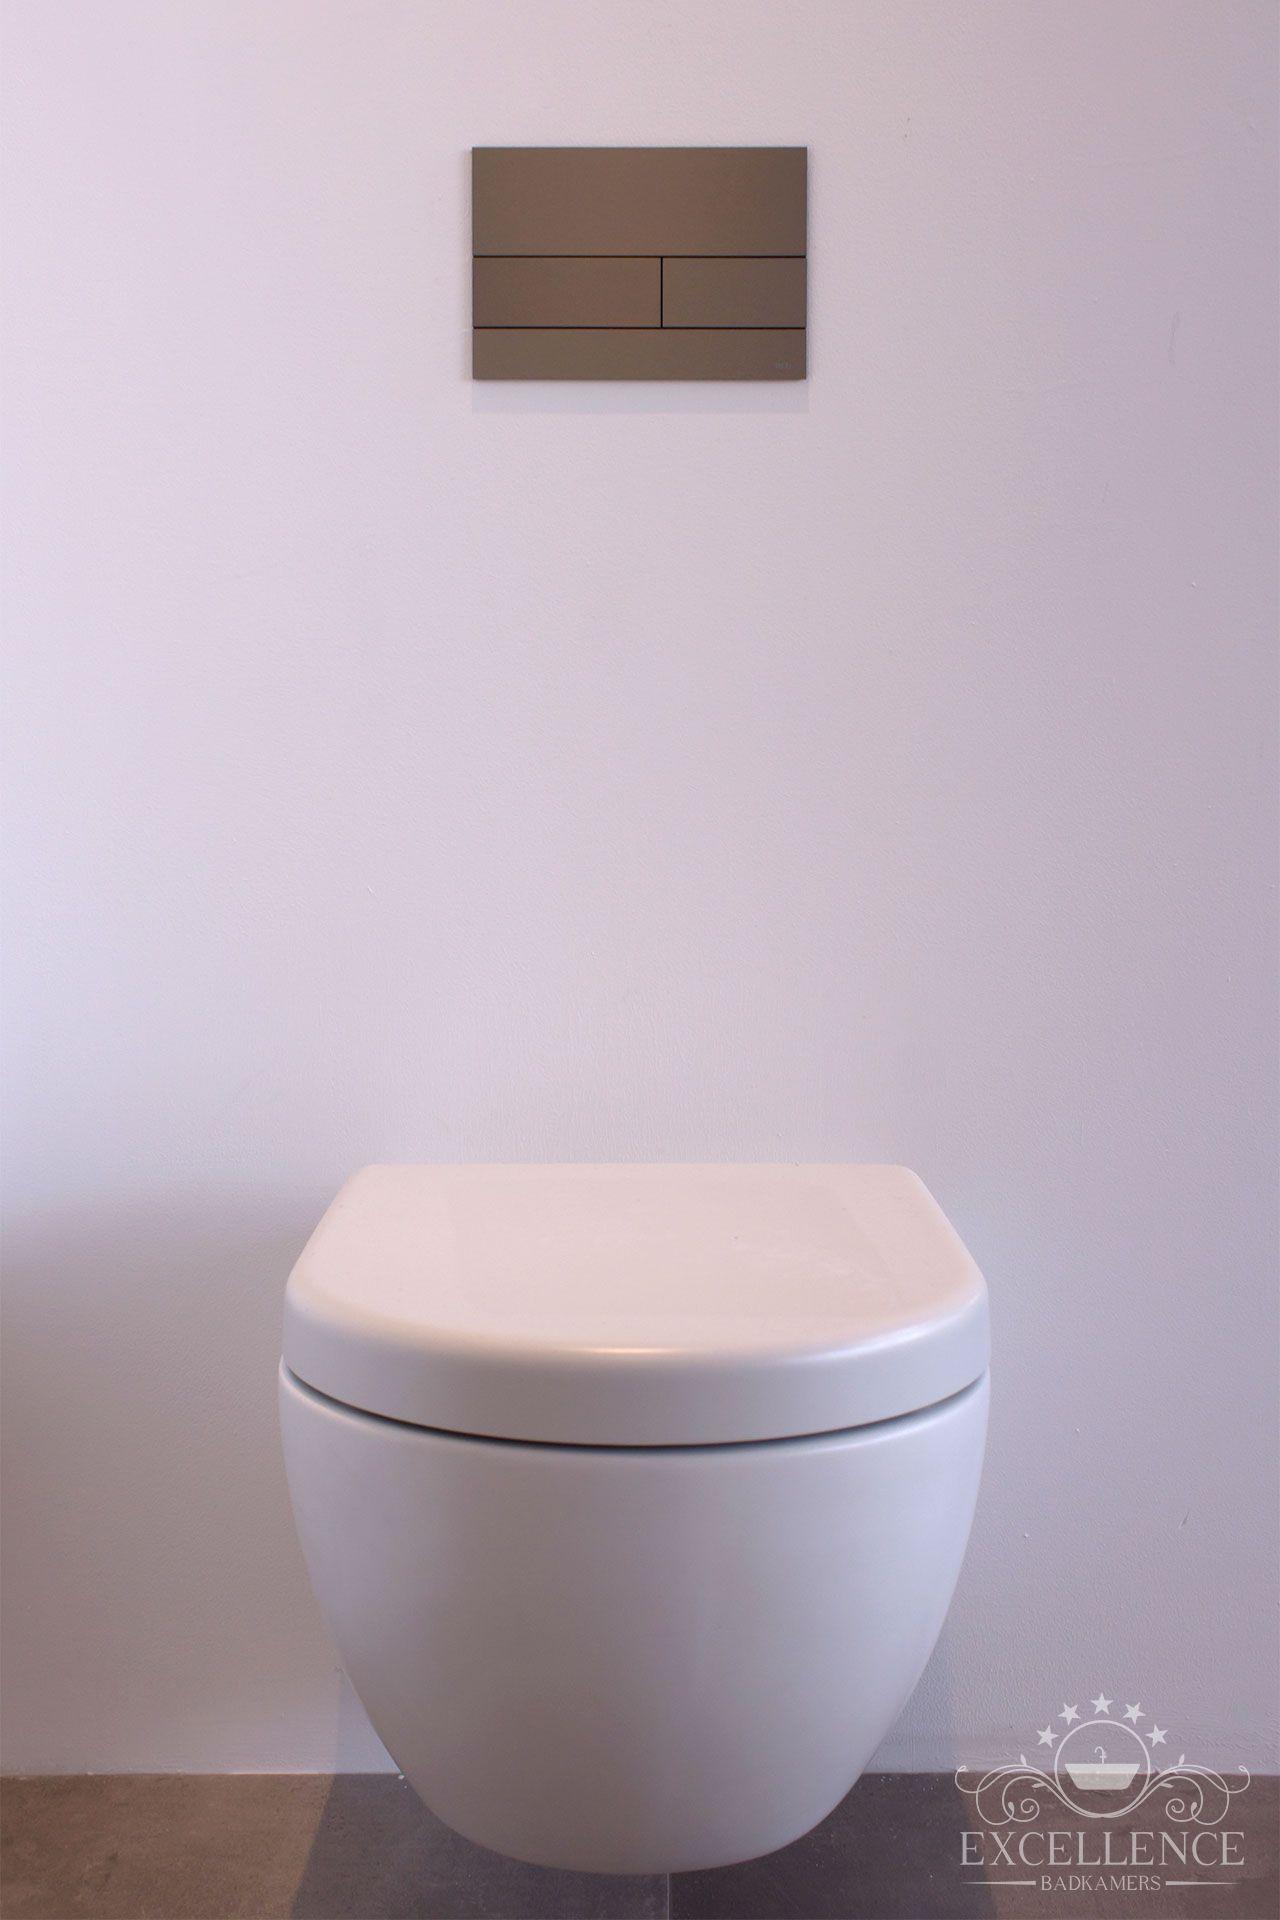 Maatwerk badkamer. Design wandcloset mat wit. Design bedieningsplaat ...
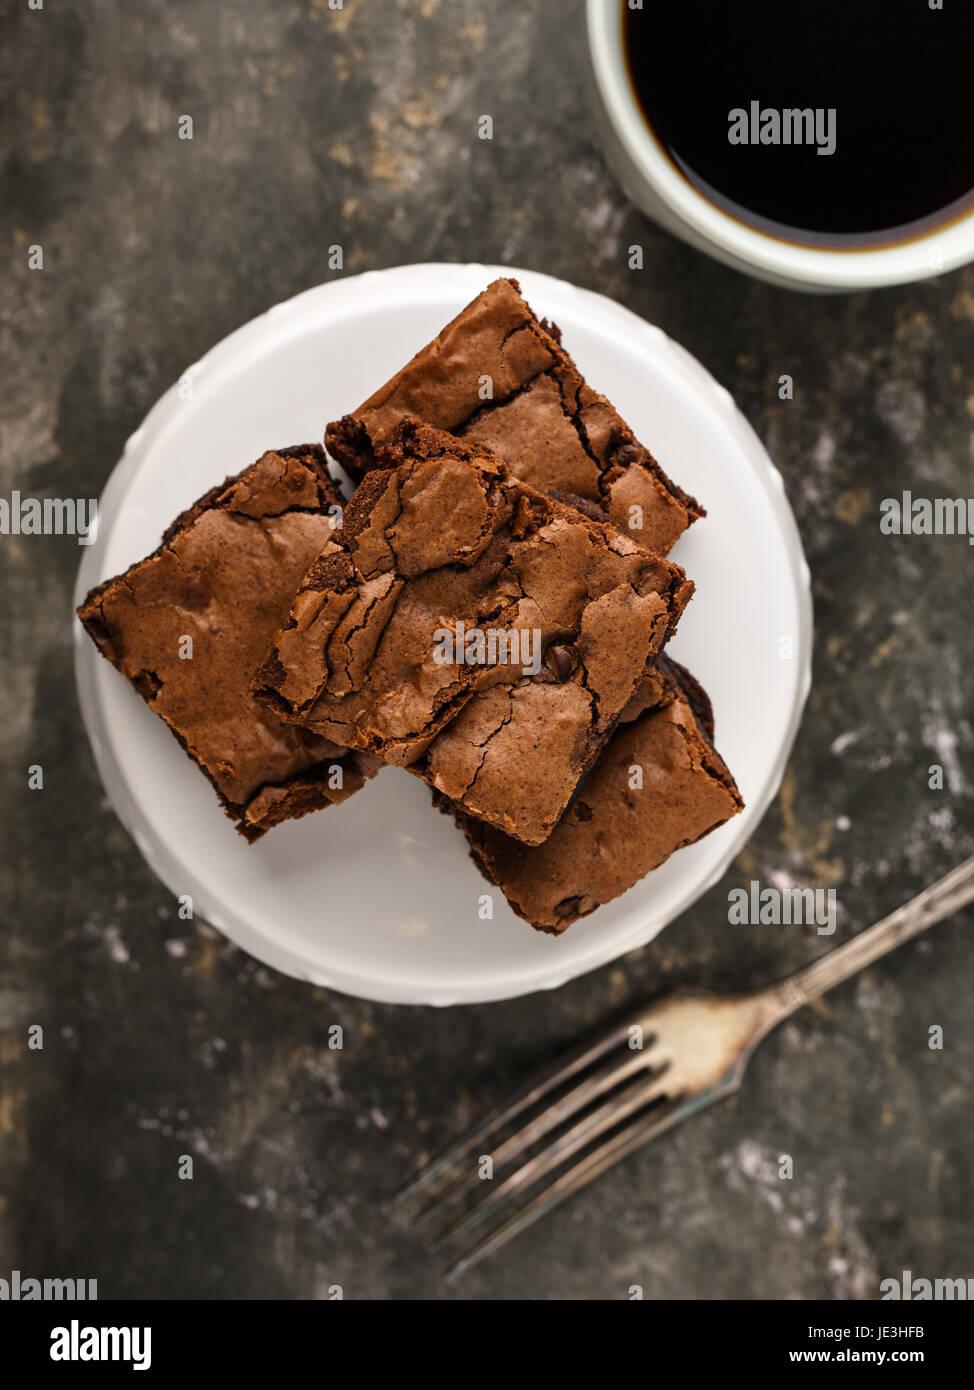 hausgemachte Brownies auf einem Dessertteller und Kaffee. Stockbild
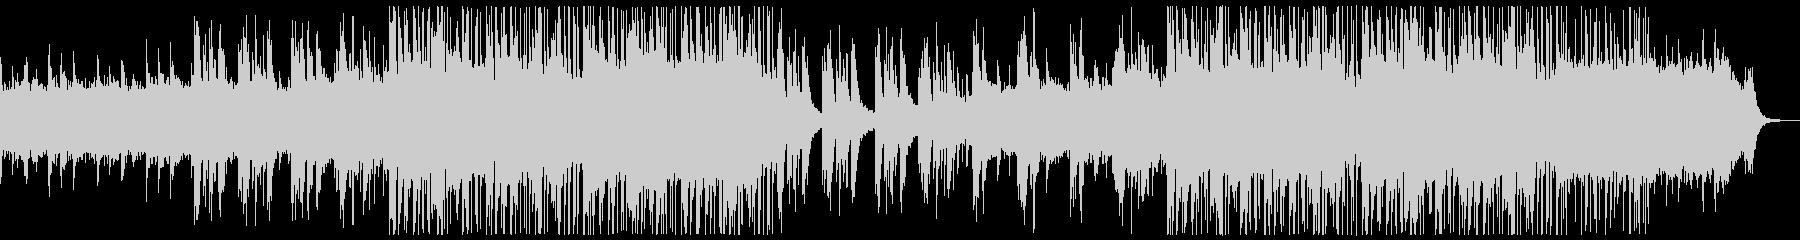 ピアノのゆったりとしたチルポップ。の未再生の波形
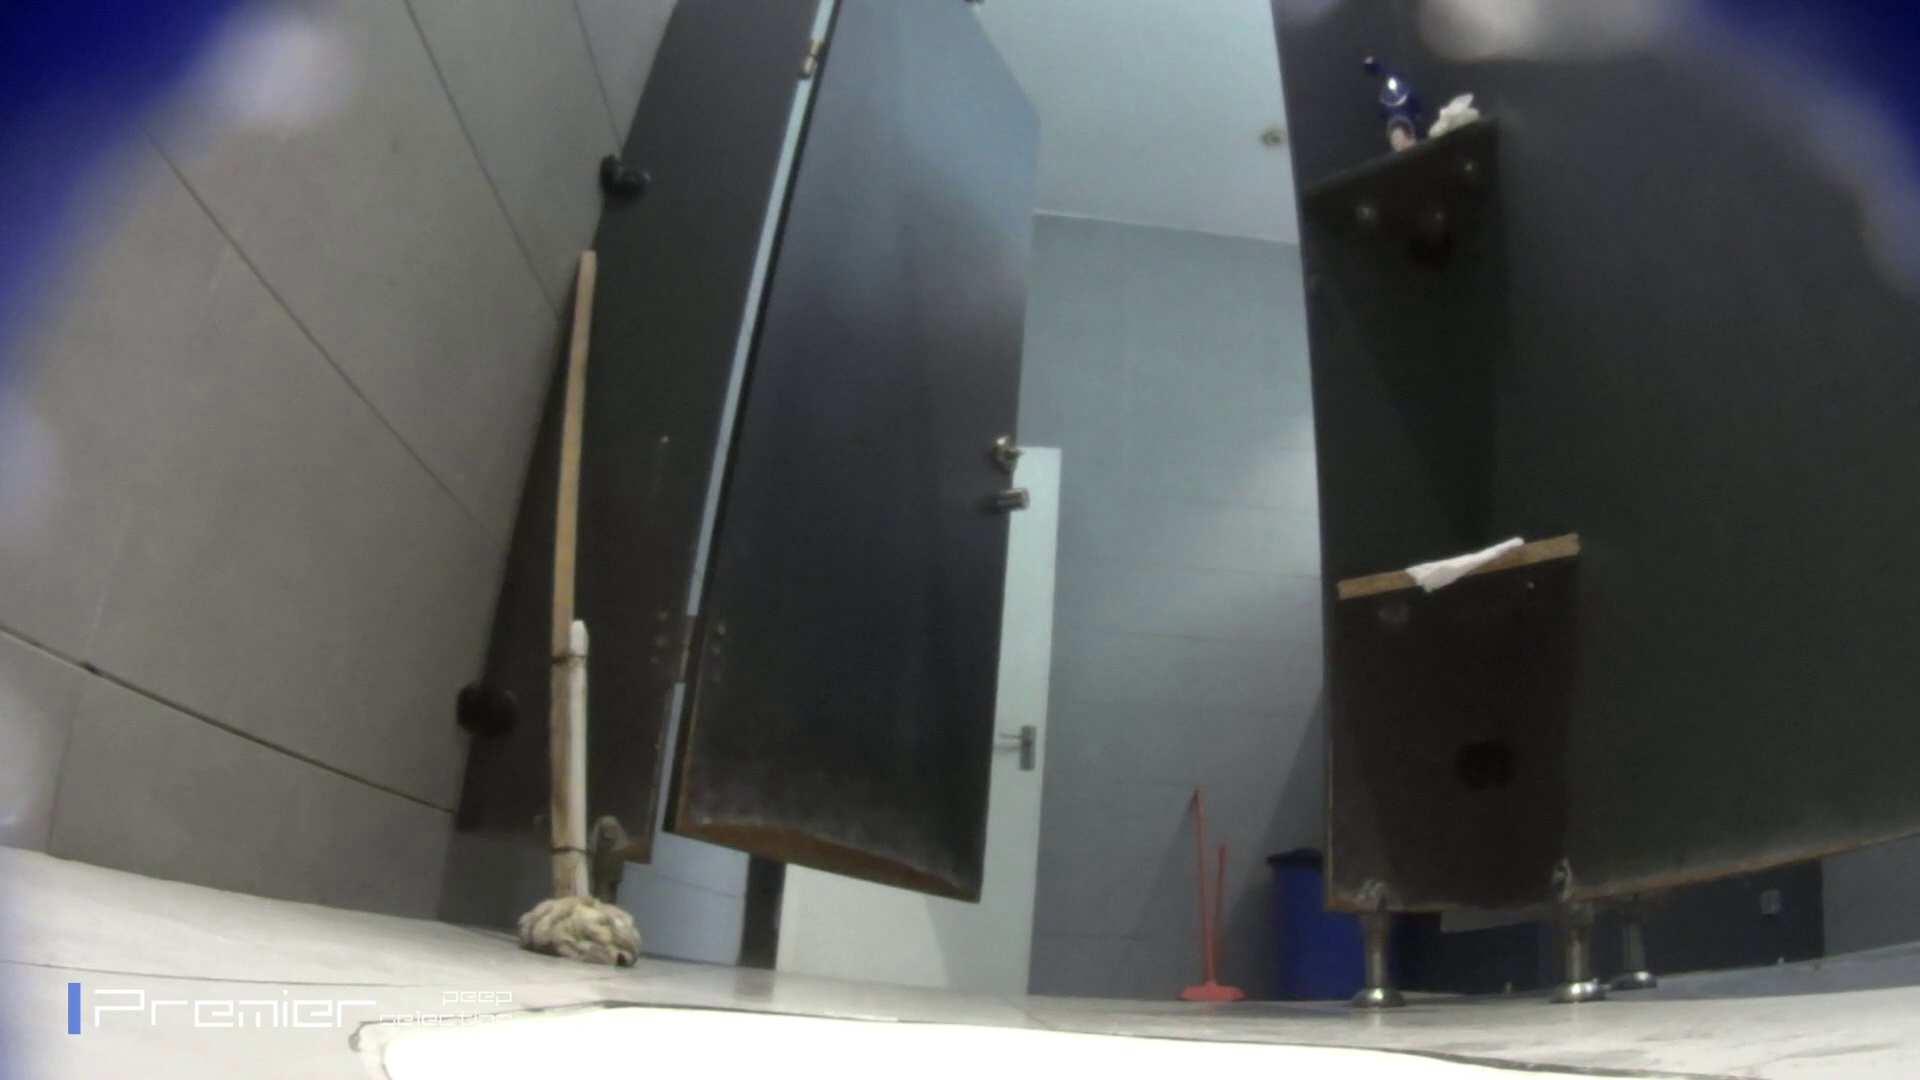 個室のドアを開けたまま放nyoする乙女 大学休憩時間の洗面所事情85 むっちり スケベ動画紹介 89画像 33
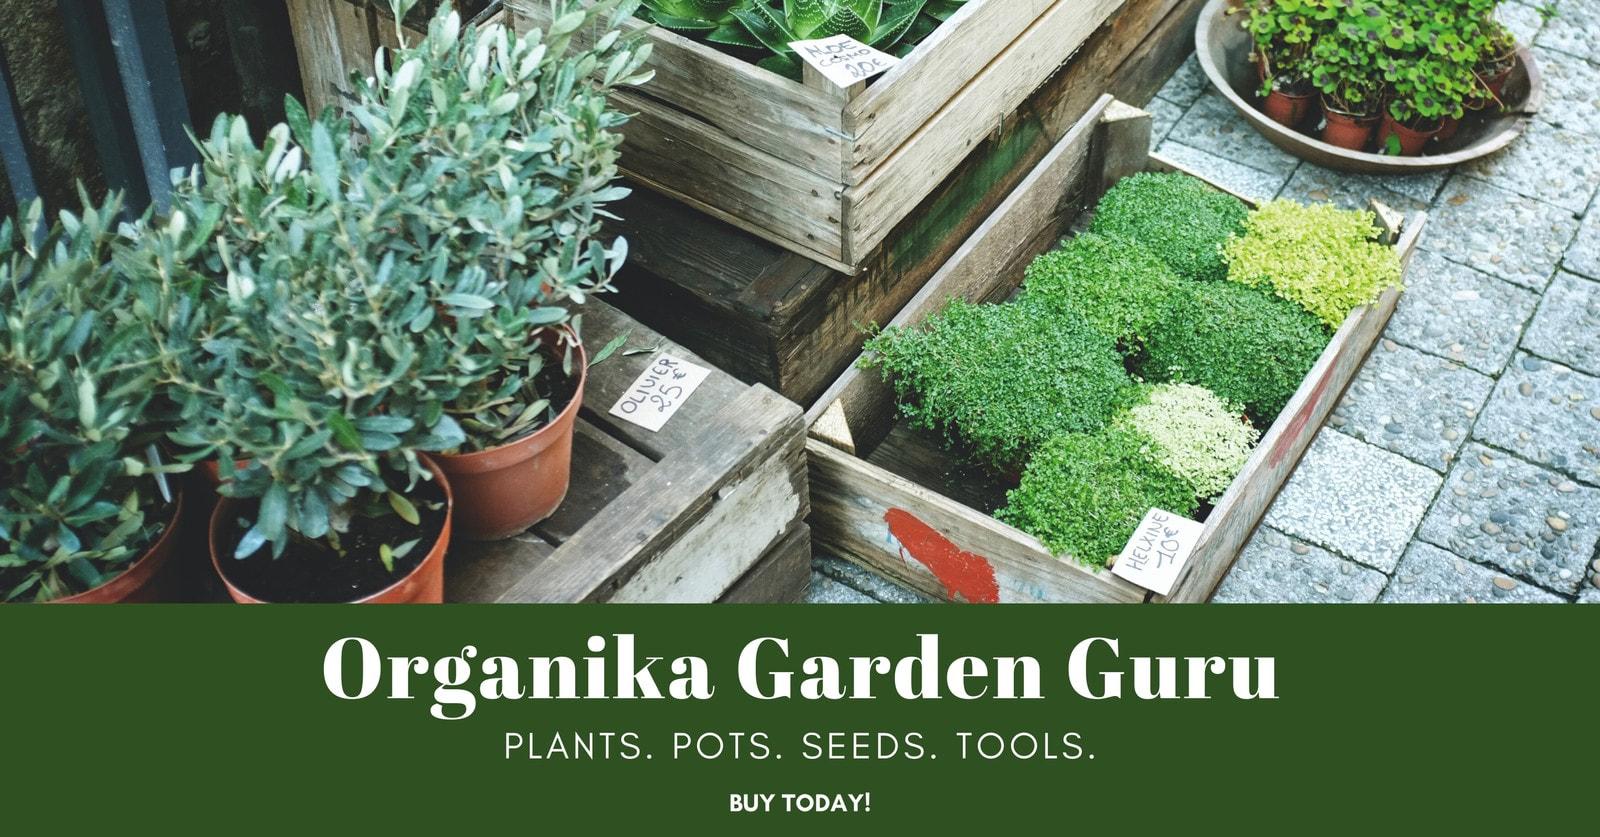 Green Organic Garden Photo Facebook Ad
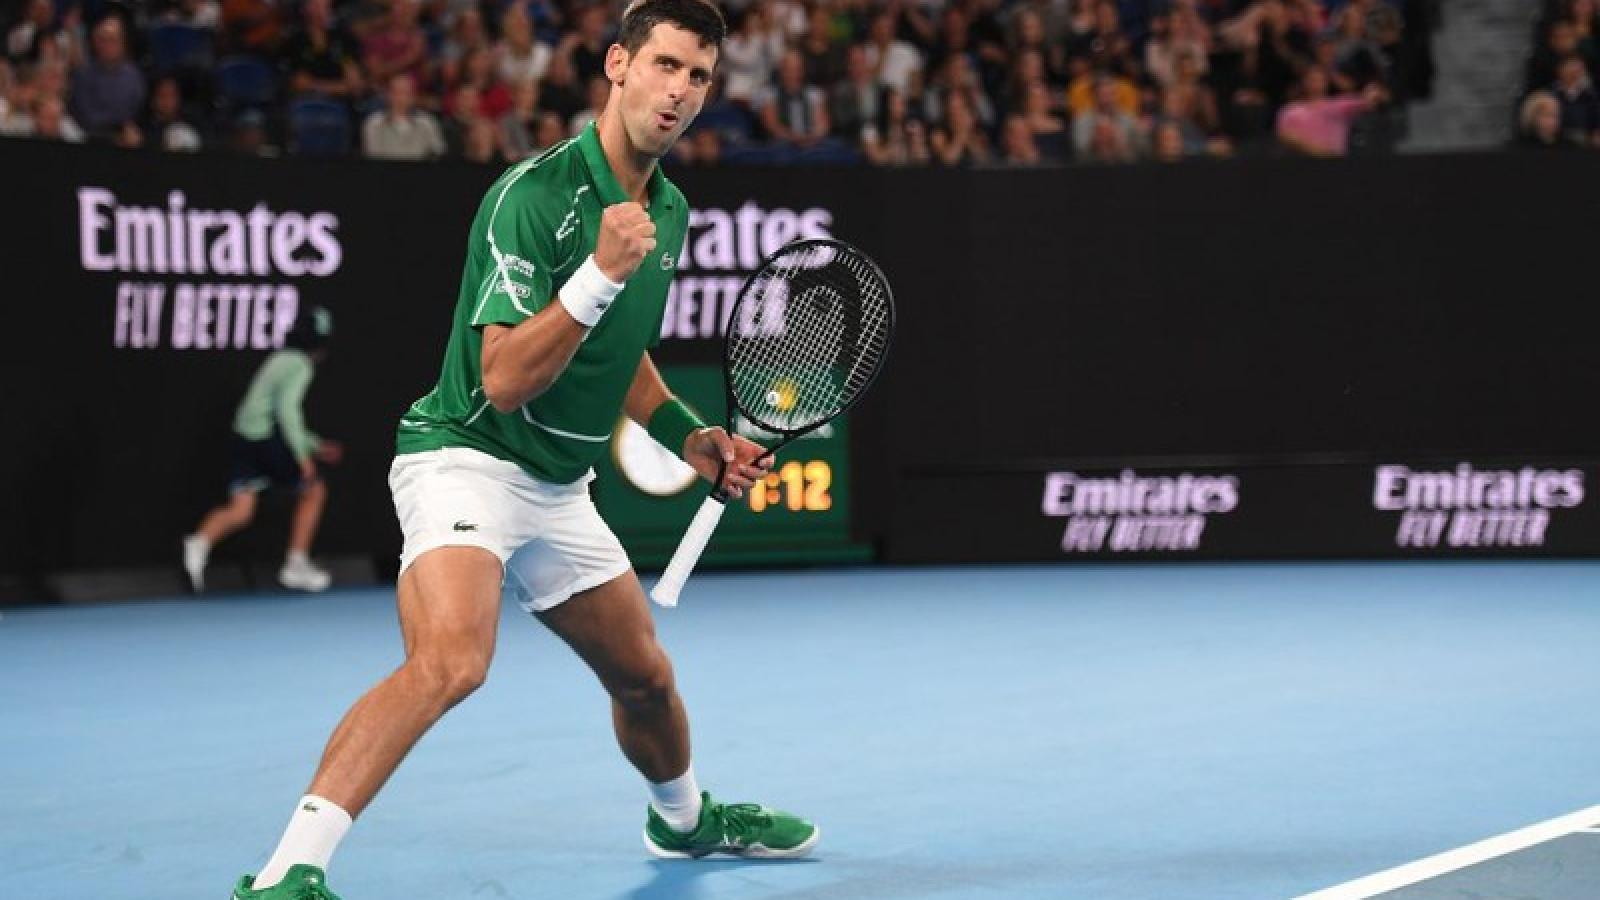 Djokovic phản đối việc tiêm vắc xin chống Covid-19 cho các tay vợt

- Task item -
Print the records above exactly as they stand, but leave out the pictures.

- Reply to the exercise -
 Maatwerk badkamer. Design wandcloset mat wit. Design bedieningsplaat ...
 hausgemachte Brownies auf einem Dessertteller und Kaffee. Stockbild
 ピアノのゆったりとしたチルポップ。の未再生の波形
 個室のドアを開けたまま放nyoする乙女 大学休憩時間の洗面所事情85 むっちり スケベ動画紹介 89画像 33
 Green Organic Garden Photo Facebook Ad
 Djokovic phản đối việc tiêm vắc xin chống Covid-19 cho các tay vợt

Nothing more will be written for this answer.